Watch out landlords – Robin Hood is going global

Robin Hood rental cottage to let sign displayed in house window

Be warned, landlords around the world – Robin Hood is expanding and the UK, US and Switzerland are now within his sights. An Australian lawyer who began making online videos to mock estate agents as a joke has been dubbed the “Robin Hood” of TikTok.

Jordan van den Berg started posting under the name “Purple Pingers” (a reference to drugs) three years ago. Recognition of the inadequate conditions under which people were living during the housing crisis, and the poor behaviour of their landlords, led to the birth of Mr van den Berg’s vigilante approach. Purple Pingers helps people find vacant properties in which they can squat and has provides a public database that exposes bad rental homes.

As in the UK and elsewhere around the world, Australia has a housing crisis. Homes are expensive and often beyond affordability, there are lots of empty properties and there is a shortage of rental homes. A shortage of public housing cannot address those in need. Rents are astronomically high. As a result, people live in sometimes overcrowded or unsafe houses with no security. Most of those affected are young and/or vulnerable.

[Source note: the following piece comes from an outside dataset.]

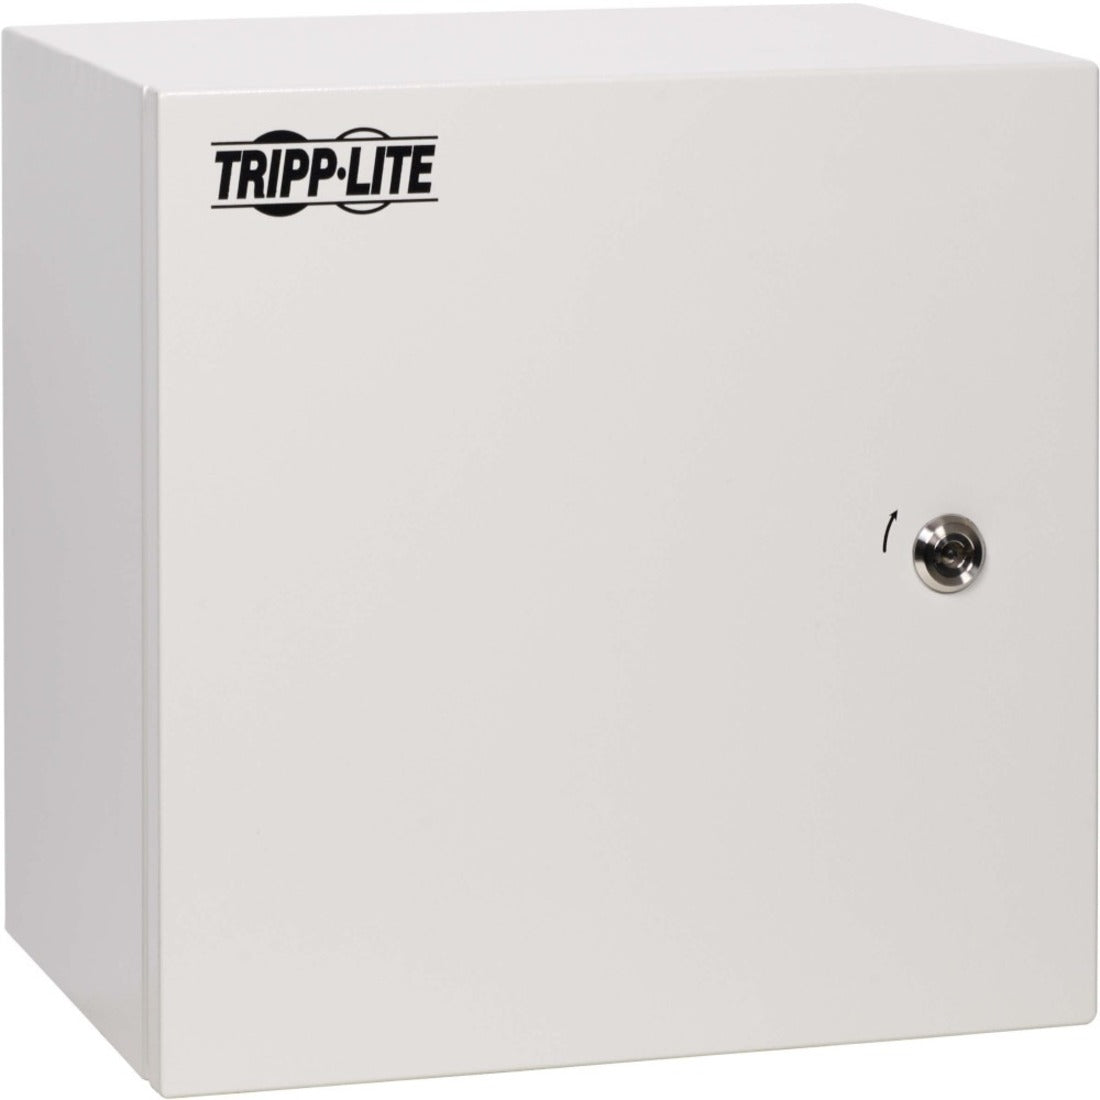 Tripp Lite SRIN4141410 Industrial Locking Metal Outdoor Enclosure, NEMA 4, 14x14x10in

In his postings, Mr van den Berg suggested that older generations had “benefited from really generous housing policy” and effectively “pulled the ladder up behind them”. Some of his posts are serious while others offer sarcastic reviews of available homes nationwide – sometimes in song.

As a homeowner himself, he acknowledges that he has a privileged background but he believes he knows what sort of experiences renters have when it comes to securing a home. He hears stories of people’s housing woes and feels he cannot do anything about it, although he says it is this “obligation to people” that has resulted in his belief that “one person can do a fair bit through the power of others”.

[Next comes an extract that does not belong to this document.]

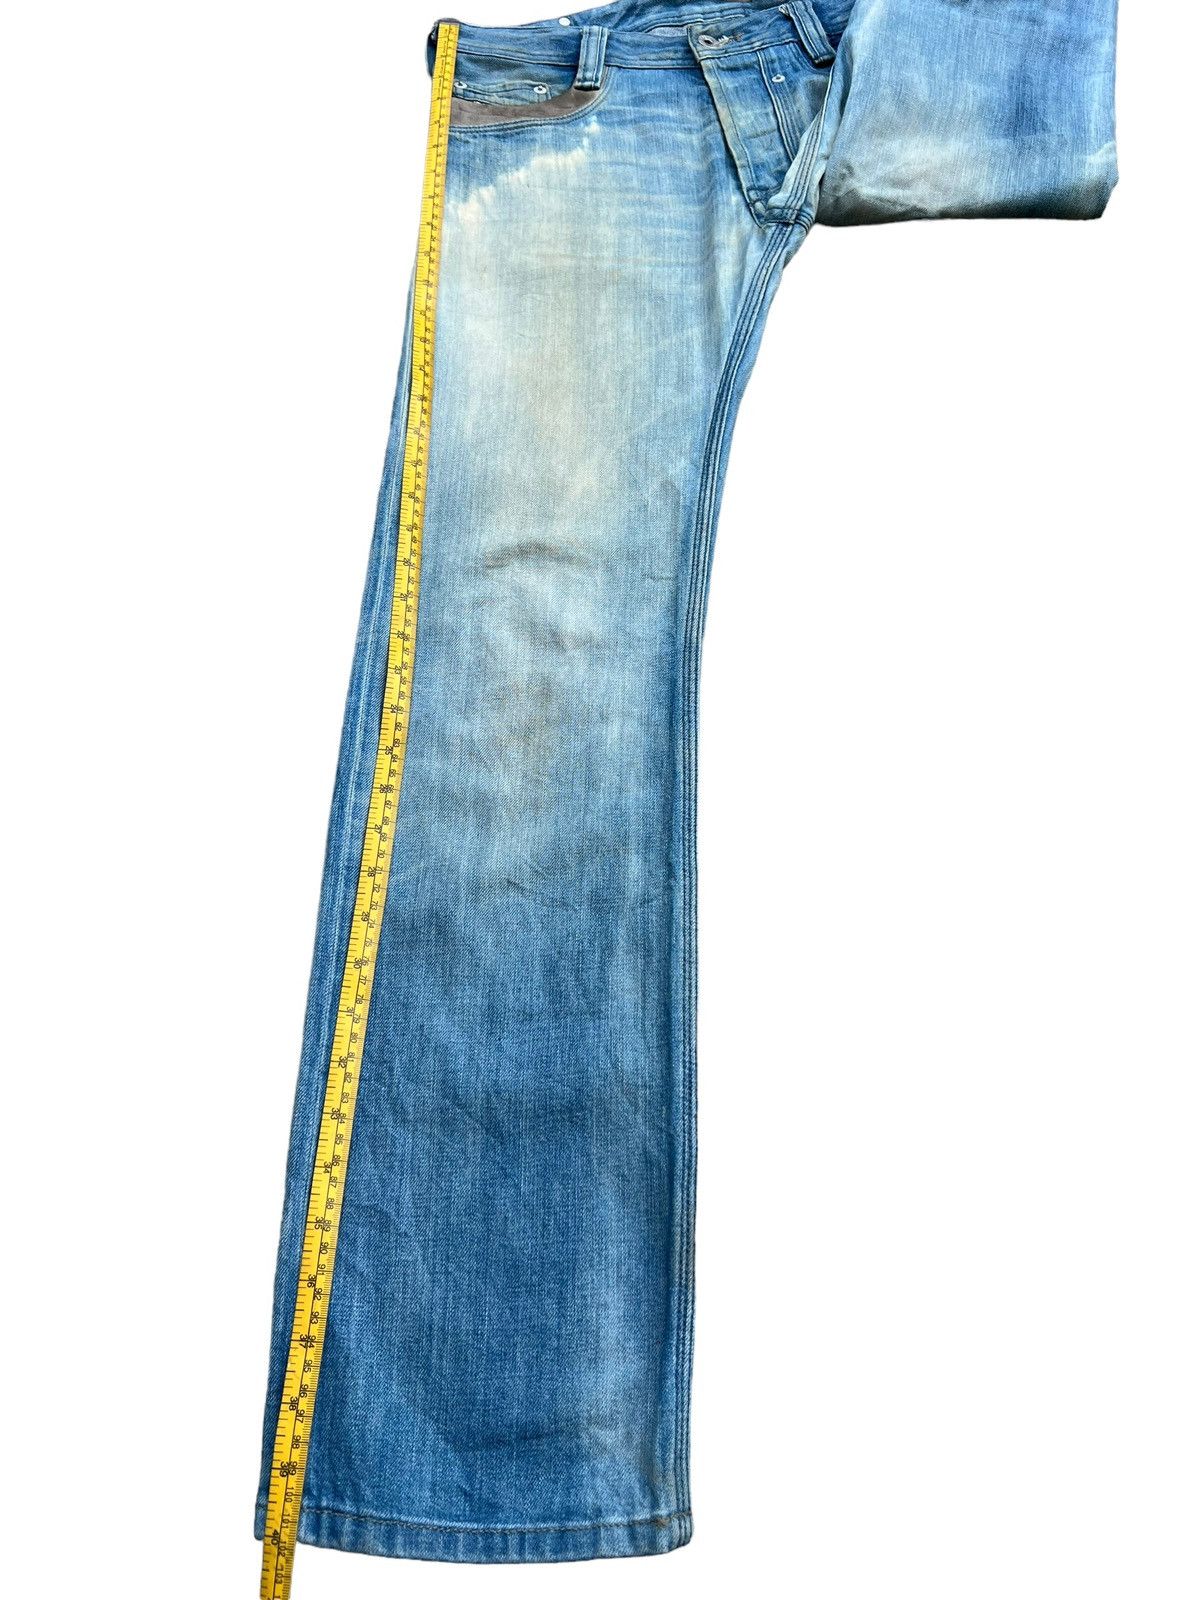 Vintage Diesel Leather Faded Distressed Denim Jeans 32x31 - 12

He is motivated to challenge what he calls “decades of mismanagement” and hopes that new legislation will one day provide better protections for renters and reform tax incentives for property investors. The database is in part to address a perceived imbalance of information. While landlords know much about their tenants, people renting a new property know nothing about the landlord.

As his TikToks became more popular, people began to share their own experiences which has led to a database of over 3,000 property reviews. His more than 200,000 followers on social media see anonymous posts of exposed electrical wiring, mould and mushrooms, illegal landlord visits, racist real estate agents and evictions following complaints made over poor conditions. Some posts expose properties being immediately readvertised for more money without addressing essential repairs.

The estimated one million empty homes are now being targeted, which Mr van den Berg says could help ease the strain on the rental market. Squatting is a legal practice in Australia, although there are laws prohibiting trespass or breaking and entering. Some vacant addresses are published although some addresses are given privately due to “safety concerns”. Indeed, he has been accused of encouraging crime although his answer to this is emblazoned on his t-shirt which quotes the words “good people disobey bad laws”.

Landlords have defended the number of empty properties, saying that there could be a number of valid reasons for a house being empty. However, one landlord’s defence tactic backfired after he attempted to publish Mr van den Berg’s own address – which turned out to be a parcel locker.